Joe rubbed his eyes tiredly. "She did her own thing, you know... She would come back from work, chat with me a bit and then go into her room. Weekends she would go out with her friends... or with you."

"So you never knew if she was happy or sad?" The question came out a bit harshly.

Joe looked up at his son-in-law sharply. "Did you?" He asked sarcastically.

Eric averted his gaze. "Mind if I spend some time in her room?"

Joe shrugged and got up.

Eric lay down on her narrow bed, and looked around her room.

He had barely ever spent a few minutes here before.

Come to think of it, didn't it always feel like Carrie didn't want him here?

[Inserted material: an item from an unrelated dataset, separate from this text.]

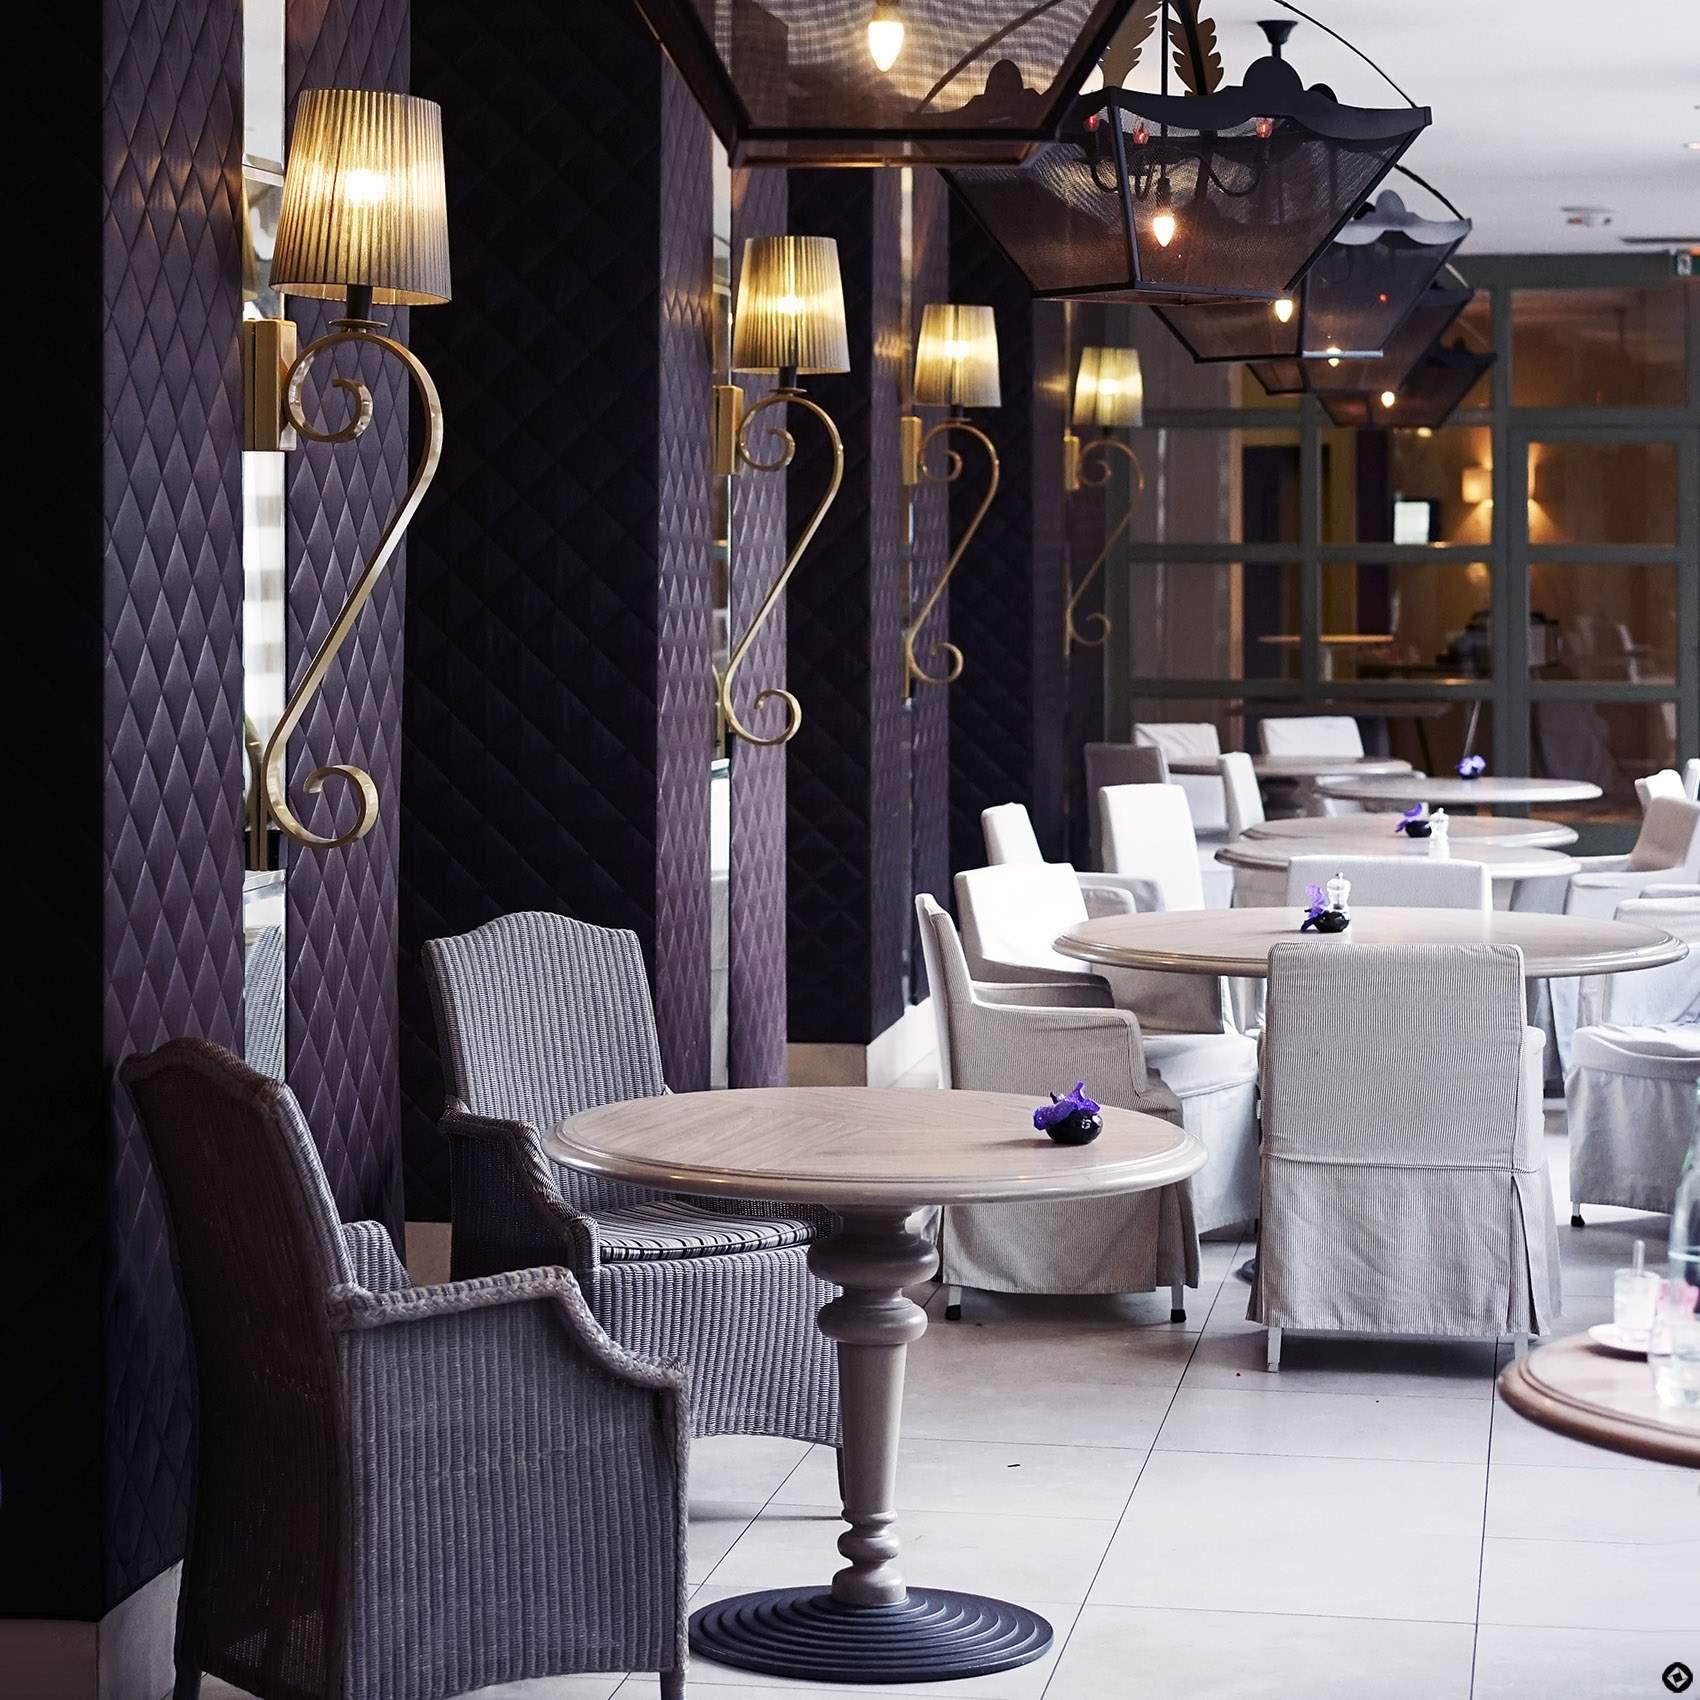 grand-hotel-roi-rene-blog-deco-design_7

The walls were a dark red colour. They were peppered with random stuff.

A big framed jigsaw puzzle. A wall hanging she had made of old DVDs. Figurines of animals. Stuffed toys. Books. Candles.

A regular room, except that it had a strange vibe to it.

Almost like it was hiding something.

He got up and opened her closet.

He was a little surprised to see it was almost full.

Feeling a little guilty at invading her space, he rummaged around.

Clothes. Junk jewellery. Shoes. Cosmetics.

Just a regular woman's closet.

He couldn't see any of the old journals Joe had mentioned.

Feeling frustrated, he slammed the doors shut. And heard something fall with a thump inside.

He opened the doors and like with the red book, he felt a strong sense of unease when he saw the leather folder that had fallen down.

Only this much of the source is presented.